Now deviations from inheritance are known in four different forms. Let us enumerate them, and let us try to find out whether their results are themselves inheritable or not.
There is, first, continuous variation in the proper sense. All the individuals of the offspring of a pair of animals (or of a parthenogenetic female) are different from each other. And they are different—what is important to notice—even if mother and father belong to the same pure line (Johannsen), i.e. if they are not “mutants” with regard to one another in even the slightest way. Continuous variations follow the “law of errors” as mathematically formulated by Gauss and Galton. Their results are not inheritable, and therefore have no bearing upon the theory of descent. Even if you select two extremes for propagation, you get an offspring with the same error curve. These variations are probably due to the contingent variation of the medium, which also obeys the law of errors.

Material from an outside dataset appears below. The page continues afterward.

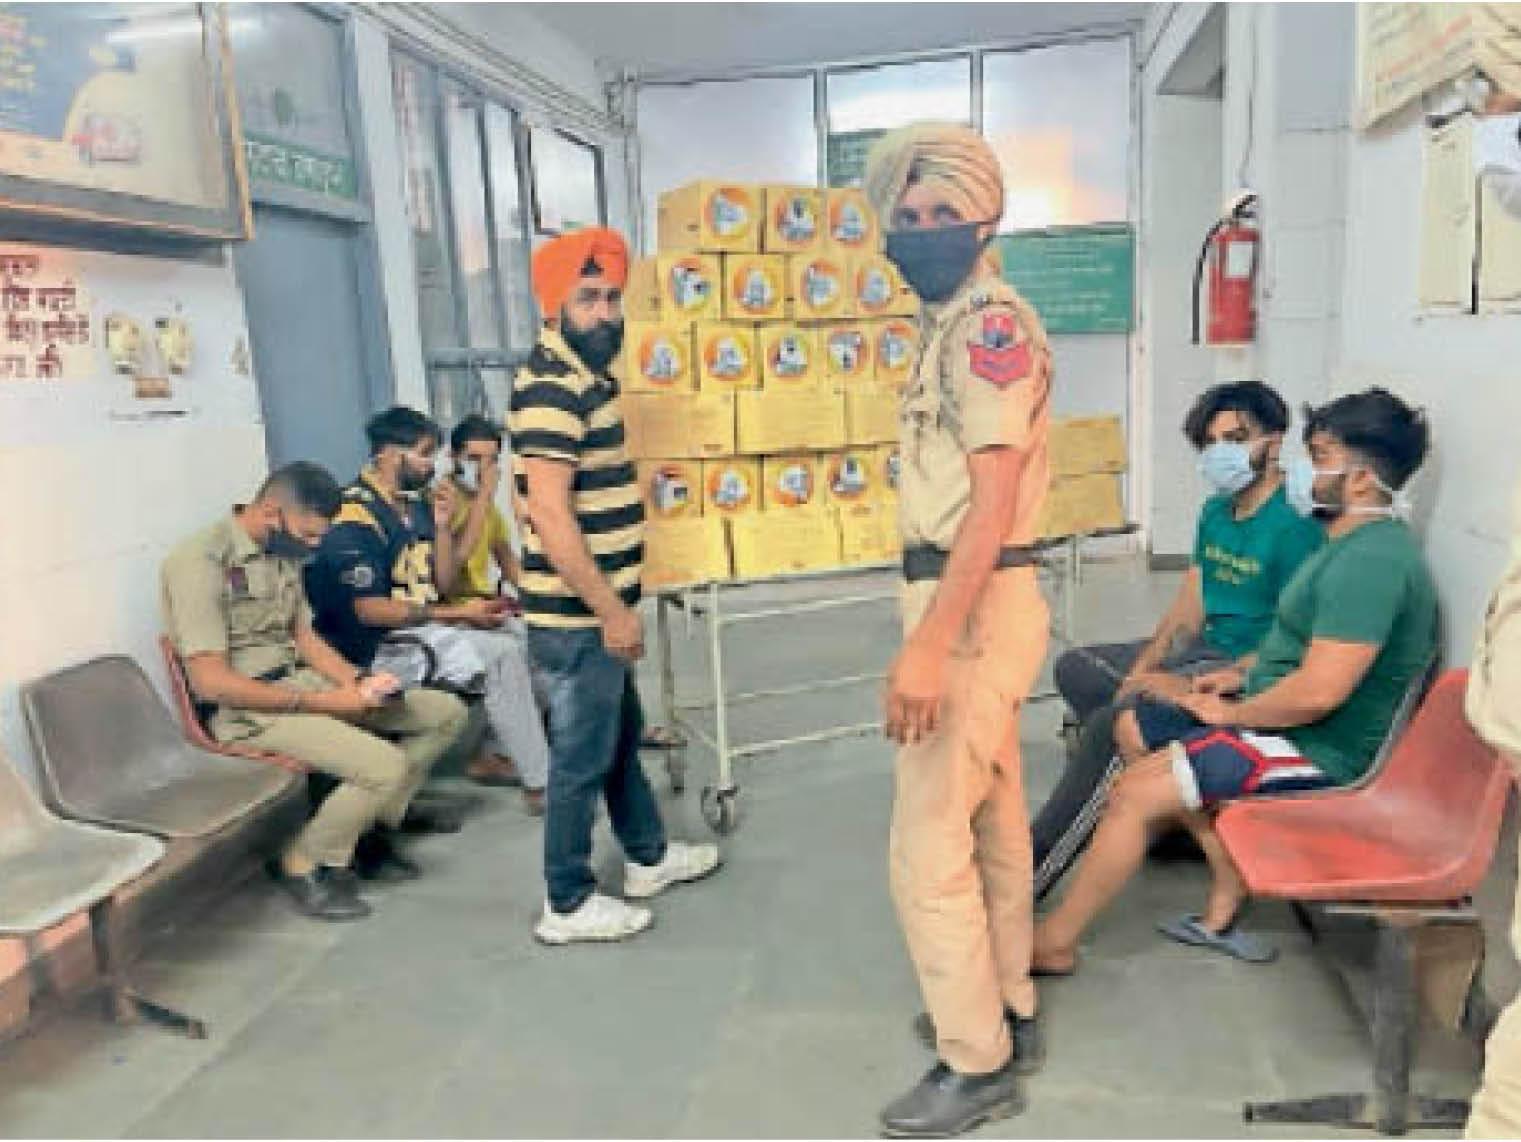 ढाई महीने में 500 किलो हेरोइन बेच चुके गैंगस्टर गैवी के 5 साथी ड्रग्स समेत अरेस्ट|चंडीगढ़,Chandigarh - Dainik Bhaskar

Secondly, there is adaptive variation, studied in a former part of this book. This is not exactly a “deviation” from inheritance. For the totality of adaptive potencies of a given species is inherited, and it simply depends on the conditions, met by an individual, which potency will become effective. (This point of view, by the way, may also be applied to variation proper.) Nothing is known with certainty about the inheritance of adaptations, i.e. about the so-called “inheritance of acquired characters”, with the exception, perhaps, that the effect of a change of conditions in some (botanical) cases may require several generations before it becomes quite definite. Guyer’s experiments on rabbits, it is true, may mark the beginning of a positive knowledge in this field, but they are rather fragmentary at present and not quite undisputed. About Kammerer’s experiments nothing can be said, until they have been confirmed by a competent author. Inheritance of adaptations, by the way, would not be a very useful event for the organism, unless it would serve to strengthen adaptive results under permanently equal conditions. It might even be said to be in opposition to the real value of adaptation itself.

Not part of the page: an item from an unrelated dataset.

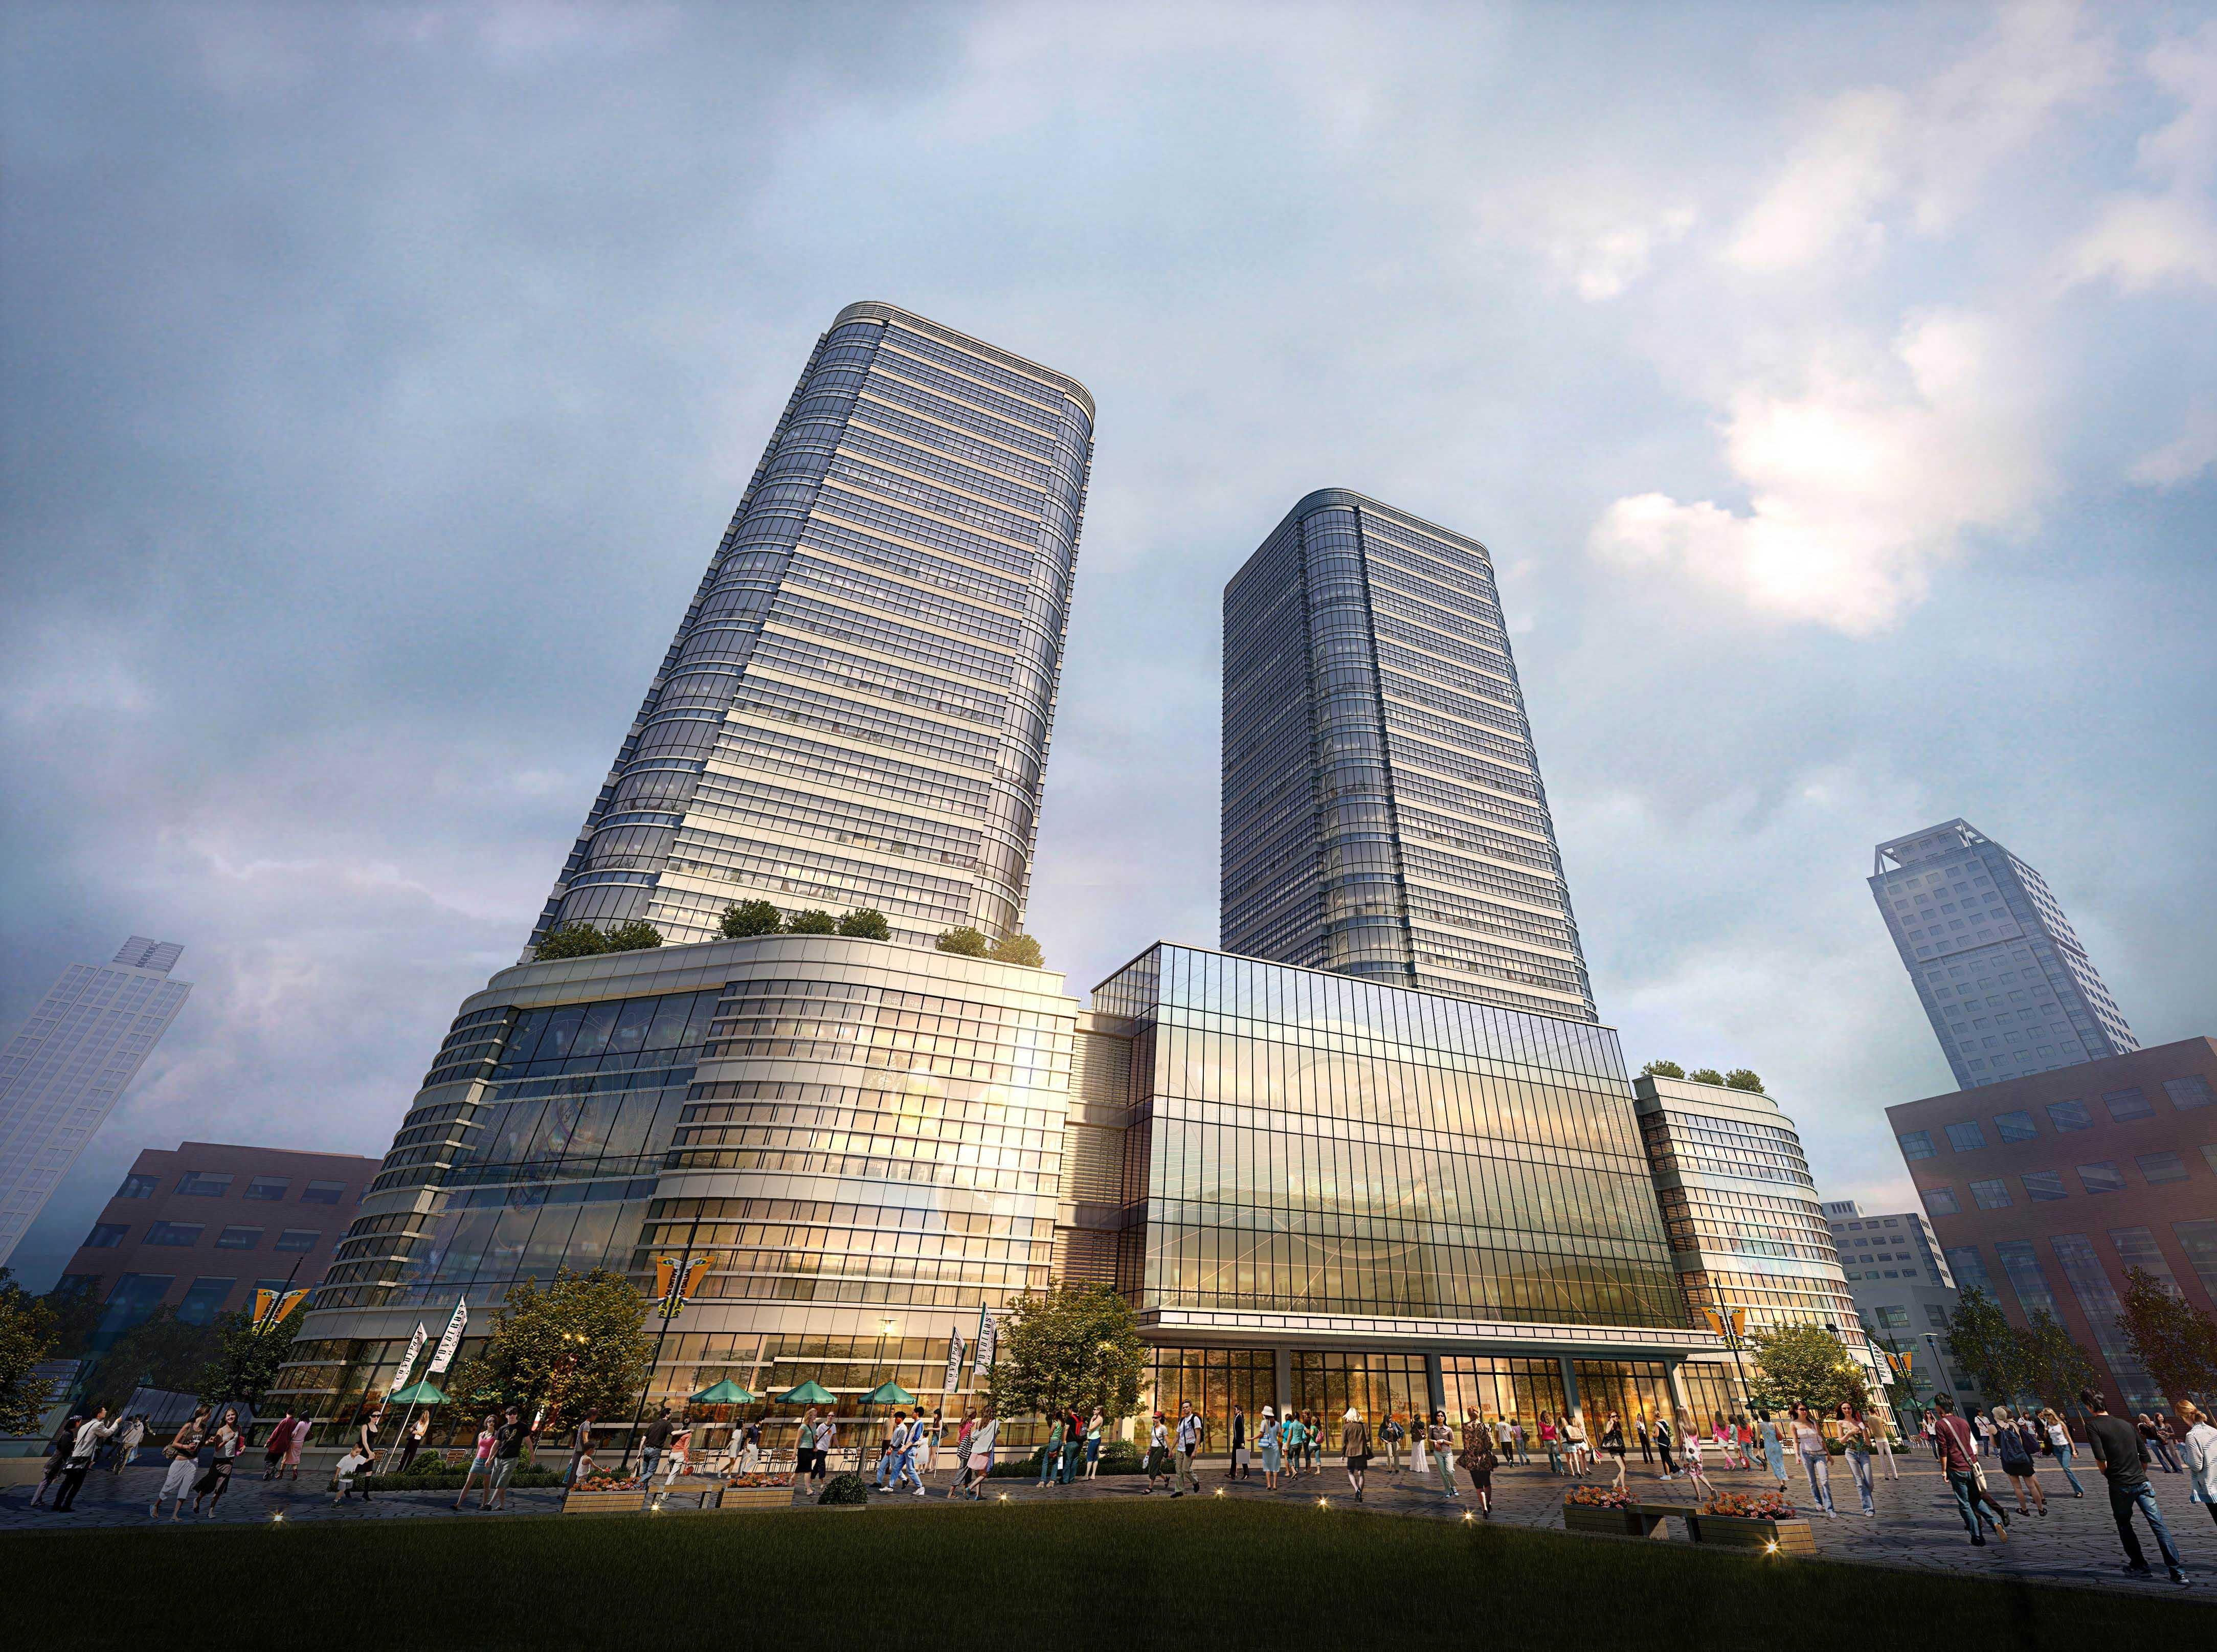 天津正融科技大厦
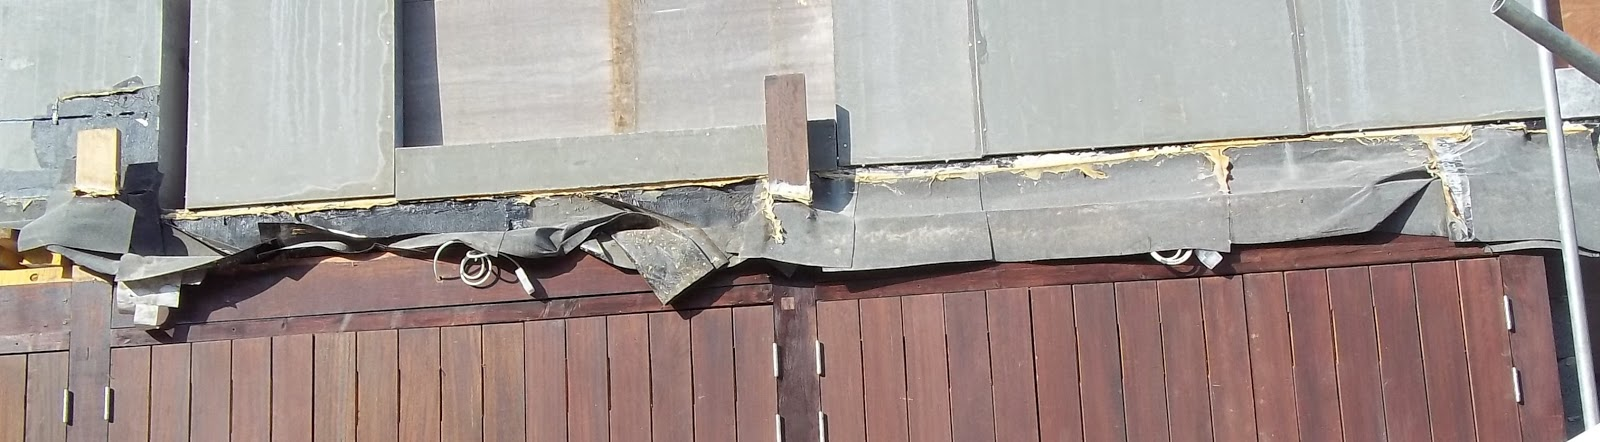 Glue gun terror

In the third place there is Mendelian variation. As the single properties of an organism split and combine separately, we may raise new “races” by Mendelian experiments. We may start from a plant with white flowers covered with hairs and from another with red naked ones, and, at the end, we may have before us red flowers covered with hairs and white naked ones. These results, originated as they are at the very basis of all inheritance, are, of course, inheritable themselves. But they do not help us much for phylogeny. For only a regrouping of pre-existing properties, nothing “new”, stands in question.

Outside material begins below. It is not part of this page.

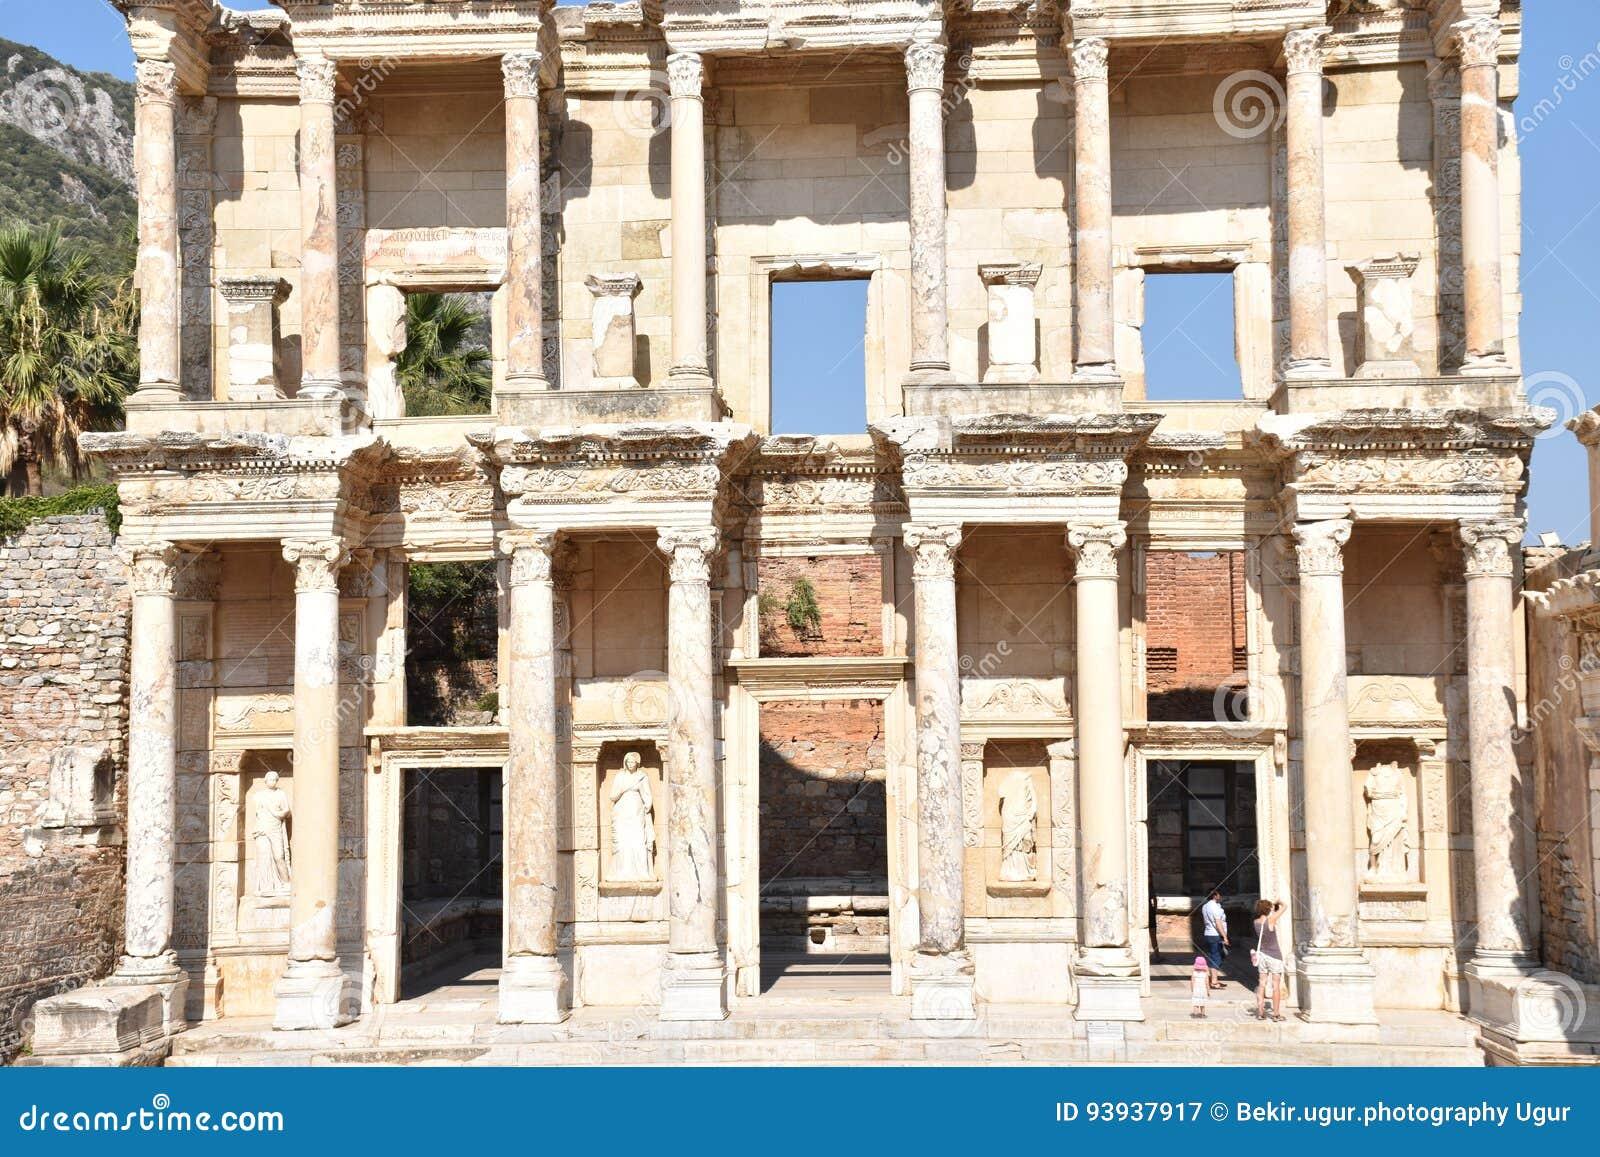 Ephesus Efes antik kenti izmir

Ultimately there is mutation (de Vries), which marks a real break of inheritance. Its results are inheritable. This is so-called “discontinuous variation”. Its steps may be comparatively great or very small (Jennings). They are never of such importance as to lead to the formation of a really new “species”. The origin of mutations is unknown. They seem to be due to “inner forces”; but the medium, though in a very unspecified way, may give a sort of stimulus to those forces. Very rich feeding, e.g., has often had a considerable number of mutations as its consequence. No plan or law in the sequence of mutations has so far been discovered. This is all we know, in a positive way, about the “prerequisites” of phylogeny. In fact, it is not very much. And, thus, it is not very surprising that scientists have tried to attack the problem of descent in a merely constructive, hypothetical way. Let us then study the principal forms of this sort of theory.
- 1.
I do not say “evolution”, as I shall use this word in quite a particular sense later on, and as we do not know a priori whether phylogeny is a true “evolution” or not.